Kathy shook her head. “It’s too soon to tell without an physical examination.” She turned to Guadalupita. “I am not Catholic. The priest is almost certain to ask for confirmation from a curandera.

“This Peter is the Taos joven? Oscar Lujan’s younger son?” Guadalupita asked. “I think his mother will ask, if the priest does not. I have heard that she is very angry that you rejected her precious hijo.”

“I was a fool.” Kathy dropped her head. “I know that now.” She looked up, her eyes pleading. “Señora Otero, would you confirm it for me?”

“And if you do not become pregnant immediately after el casamiento?”

“I will say that I lost the child.”

Guadalupita clicked her tongue and shook her head.

“And what about Peter?” Alma asked. “Will he believe you?”

Kathy smiled and her cheeks reddened. “He will know it is not true. We have never— I wouldn’t let him—” She looked down at her hands, then at Alma, calmer now. “If he responds with a message acknowledging the child, I will know he has forgiven my foolishness. If he sends a message rejecting it, or if he doesn’t respond, then I will try—” She bit her lip. “I will try to forget him,” she whispered. She covered her face with her hands. “And I will never forgive myself,” she sobbed.

“Oh, Kathy.” Alma knelt beside Kathy’s chair and put an arm around her friend’s shoulders. “Are you certain this is the only way?”

Kathy took her hands from her face. “I can think of no other.” She lifted her chin. “I don’t know whether or not I have done the right thing, but that is what I have done. I won’t go back now.”

Guadalupita chuckled. “Verdad you are a child no longer, I think.” She looked out the window for a long moment, then turned to the girl and gave a sharp little nod. “I will help you.”

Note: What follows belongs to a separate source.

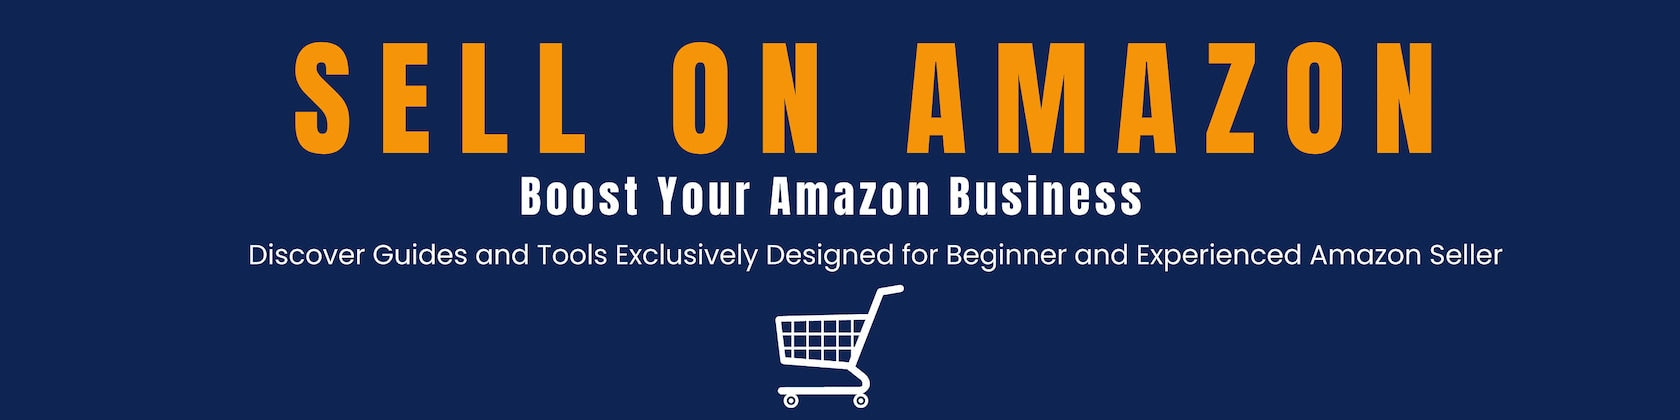 Amazon Success Hub: Tools & Guides

“Oh, señora,” Kathy said. “I don’t know how to thank you.”

“You would perjure yourself?” Alma blurted, eyes dark with surprise.

The old lady compressed her lips. “I will help you.” The girls stared at her determined eyes and knew that it was not for Kathy that she was doing this thing. But the look in Guadalupita’s face did not invite questioning. “But for now, we will make soap,” the curandera said firmly.

* * * *

As she made her slow way back to her family’s campsite that afternoon, Guadalupita pondered her decision. It had been made on the spur of the moment, but it felt inevitable. Sixty-some years ago her mother had lain with a young Apache man. She herself was the result of that summer romance. But her abuela, her mother’s mother, was one who clung fiercely to the purity of her Spanish blood. She had rejected any possibility of marriage between the young people and badgered her daughter into a rapid casamiento with a pure-bloodedwidower who had three young sons, a temper, and a penchant for Taos Lightning. It was of no importance that he was a drunk and a wife beater: the unborn child would be baptized with a Spanish lineage.

Guadalupita hadn’t known her true origins until she herself was married and her mother was dying. Always she had wondered why her father and abuela disliked her so much. It had been a relief to discover that she was not related to the hombre who had caused her and her mamá so much pain.

She knew Peter’s mother, of her pride in her Pueblo blood lines. Guadalupita shook her head. She would not stand by while another young woman lost her güiso, her sweetheart, as a result of such foolishness. There would be pain enough in the day-to-day living of their love, with a mother-in-law always looking to find fault.

The old curandera stopped to rest, eyes contemplating the green-black mountains that lined the western side of the valley. Below the opposite slopes lay the Taos Pueblo. Guadalupita shook her head and smiled, recalling the look in the blond girl’s face as she’d said “That is what I have done. I won’t go back now.” She was a strong one, that Katarina. Stronger than she knew.

The old woman turned and began walking again. As for perjuring herself: Hah! She was not afraid of the priests. She had ceased listening to them seven years before, on that January morning in the American year 1847 when so many had died in the Taos revolt, including her own esposo. Those who inveigh against a thing and then are horrified when their listeners take action against the thing execrated deserve no respect. They do not speak for el Dios. Guadalupita’s chin jerked defiantly upward, unconsciously mimicking the movement of Kathy’s face three hours before.